Vor 60 Jahren gründeten Belgien, Deutschland, Frankreich, Italien, Luxemburg und die Niederlande die Europäische Wirtschaftsgemeinschaft (EWG) und legten damit den Grundstein für die Europäische Union. Nach sechs Jahrzehnten steht die EU vor großen Herausforderungen: Wirtschaftliche Schwierigkeiten, Brexit, Migration und Rechtspopulismus rütteln an ihren Grundfesten. Mit der Dialogreihe „Welches Europa wollen wir?“ fragt das Auswärtige Amt Bürgerinnen und Bürger direkt: Ist Europa für Sie nur ein wirtschaftliches Zweckbündnis oder steckt viel mehr dahinter? Wie stehen Sie zur Europäischen Union? Welches Europa wollen Sie?

In Frankfurt (Oder) diskutiert Thomas Ossowski, Beauftragter für die Beziehungen zu den Mitgliedsstaaten der EU sowie für die grenzüberschreitende und regionale Zusammenarbeit im Auswärtigen Amt, mit dem Publikum. Andreas Oppermann, Redaktionsleiter des rbb-Studios Frankfurt (Oder) moderiert das Gespräch.
Um 16 Uhr findet ein Europadialog mit Schülerinnen und Schülern statt.
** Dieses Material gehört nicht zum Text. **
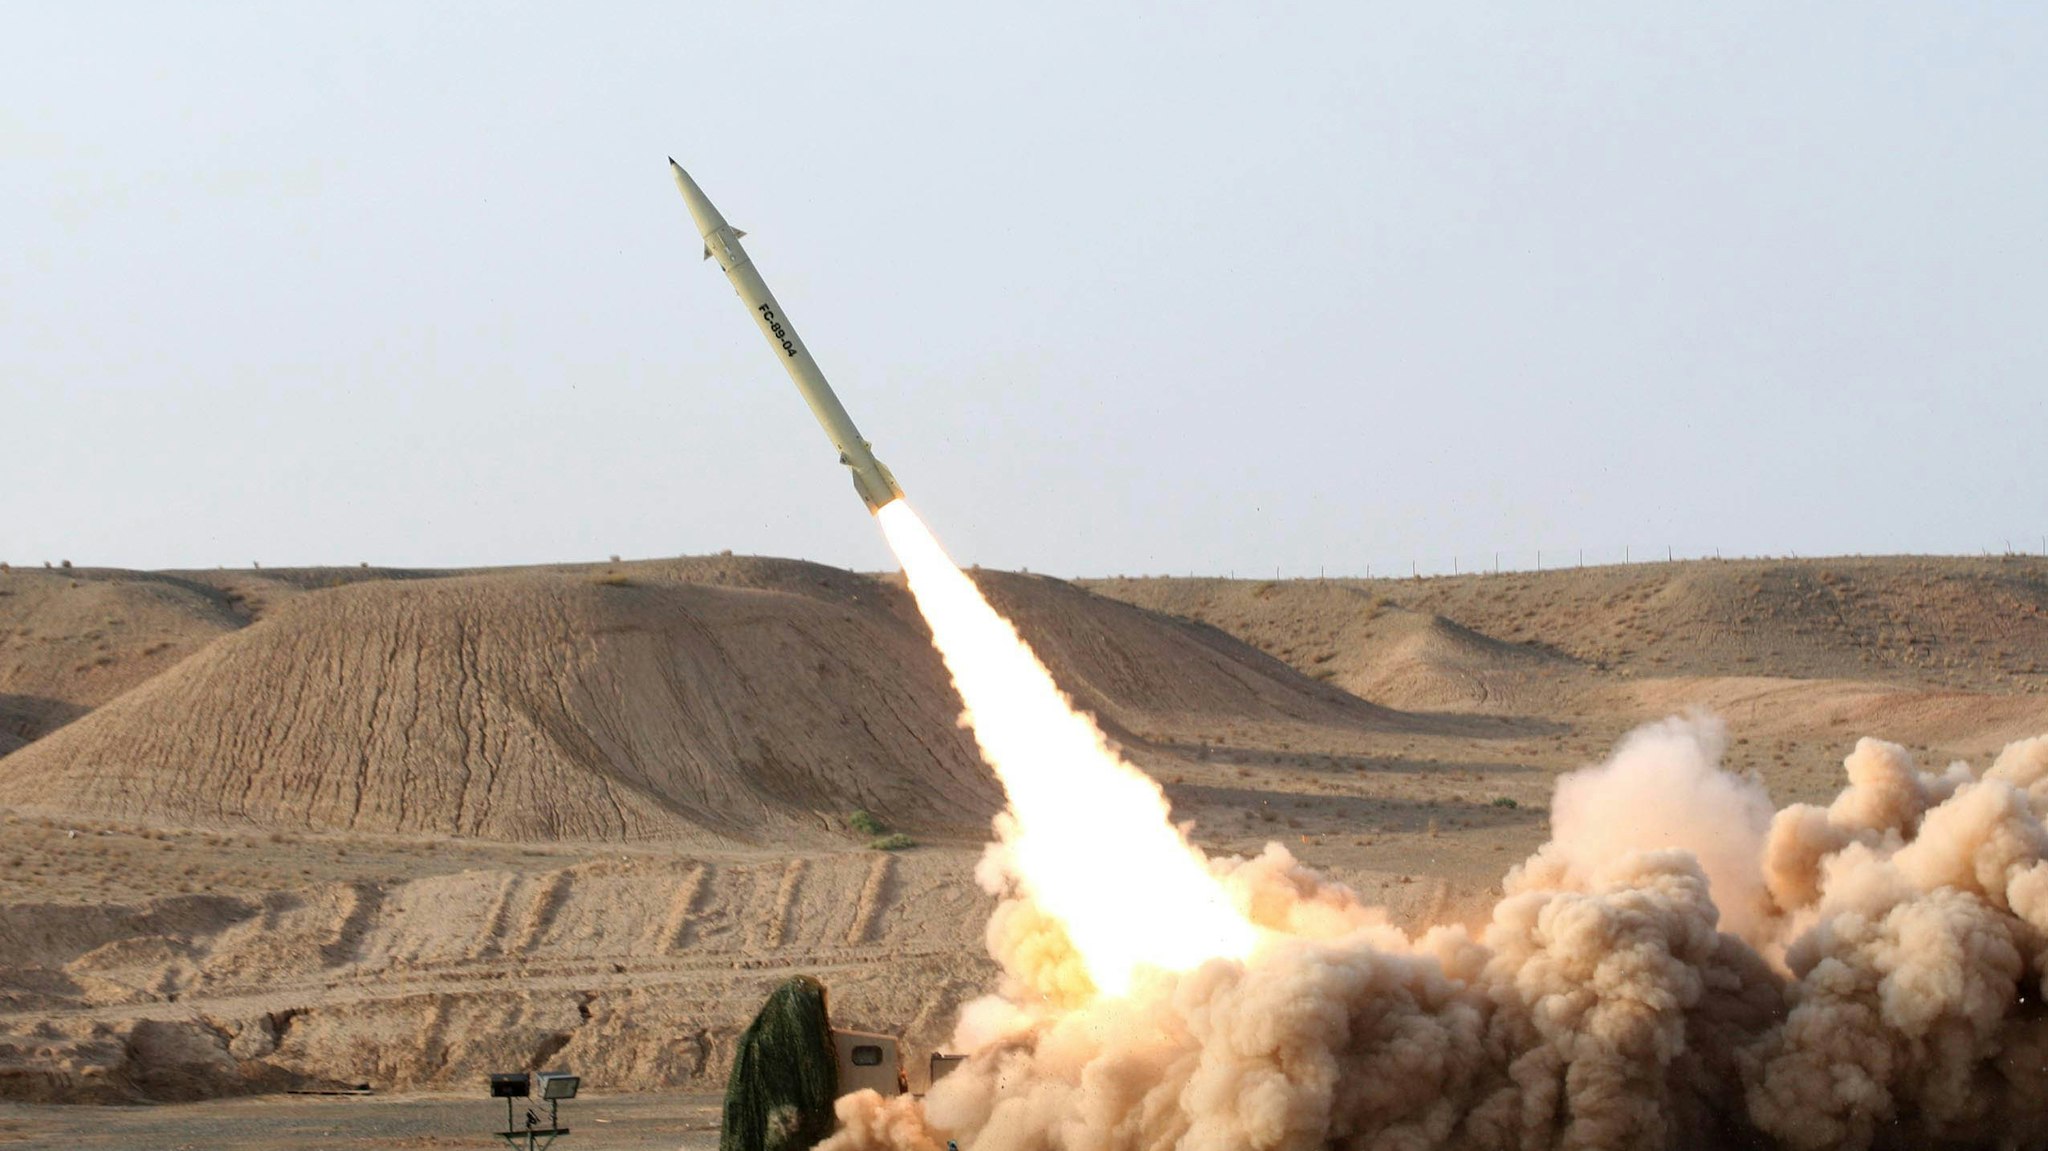 Iran has test fired its home-built surface-to-surface Fateh 110 missile, state television reported on Wednesday, less than a week after a similar test was carried out on another missile 25 August

Diese Veranstaltung wird von der Jungen Europäischen Bewegung moderiert und begleitet.


„Welches Europa wollen wir?“ ist eine Sonderreihe innerhalb des Formats „Außenpolitik live – Diplomaten im Dialog“, einer Kooperation des Auswärtigen Amts und des ifa. 
 

Thomas Ossowski trat 1992 nach seinem Studium der politischen Wissenschaften am Institut d‘Etudes Politiques in Paris ins Auswärtige Amt ein. Nach Stationen in Israel, Ruanda, Afghanistan und den Philippinen war er im Inland stellvertretender Leiter des Büros des Bundesministers des Auswärtigen und Leiter der EU-Koordinierungsgruppe. Seit August 2016 ist er Beauftragter für die Beziehungen zu den Mitgliedsstaaten der EU sowie für die grenzüberschreitende und regionale Zusammenarbeit im Auswärtigen Amt.

Über das ifa

Das ifa (Institut für Auslandsbeziehungen) feiert 2017 sein 100-jähriges Bestehen.

Deutschlands älteste Mittlerorganisation für auswärtige Kulturbeziehungen wurde im Ersten Weltkrieg, am 10. Januar 1917, als „Werk des Friedens inmitten des Kriegs“ gegründet. www.ifa.de/100

Heute versteht sich das ifa als ein Kompetenzzentrum für internationale Kulturbeziehungen und künstlerische Diskurse. Das ifa bietet umfangreiche Aktivitäten zu Kulturaustausch und ziviler Konfliktbearbeitung an. Grundlage dieser internationalen Ausrichtung ist ein weitreichendes Netzwerk von Partnern im In- und Ausland. Das Leitthema des Jubiläumsjahrs 2017 lautet „Kulturen des Wir“. www.kulturen-des-wir.de

Informationen zu „Außenpolitik live – Diplomaten im Dialog“:

Dr. Odila Triebel, ifa (Institut für Auslandsbeziehungen), Tel. 0711.2225.146, triebel@ifa.de

Junge Europäische Bewegung Berlin-Brandenburg (JEB)
Die Junge Europäische Bewegung Berlin-Brandenburg (JEB) ist ein gemeinnütziger, unabhängiger und überparteilicher Jugendverband. Als Berlin-Brandenburger Landesverband der deutschen Sektion der Jungen Europäischen Föderalisten (JEF) ist er Teil eines europaweiten Netzwerks von über 20.000 aktiven JEF-Mitgliedern aus über 30 Ländern Europas. Gemeinsam werben sie für Vielfalt und Einigkeit in Europa und bilden eine offene bunte Plattform für junge Menschen, die sich europapolitisch engagieren möchten. Mit zahlreichen Aktionen, Veranstaltungen und Projekten in Berlin und Brandenburg setzen sie sich ehrenamtlich im Bereich europapolitische Bildungsarbeit ein.

Frankfurt-Słubicer Kooperationszentrum
Das Kooperationszentrum ist eine gemeinsame Einrichtung der Stadtverwaltung Frankfurt (Oder) und der Gemeinde Słubice. Es koordiniert die Zusammenarbeit der beiden Städte und bietet Kontaktvermittlung und Beratung bei der deutsch-polnischen Zusammenarbeit und grenzüberschreitenden Projekten für Institutionen, Vereine und Bürger.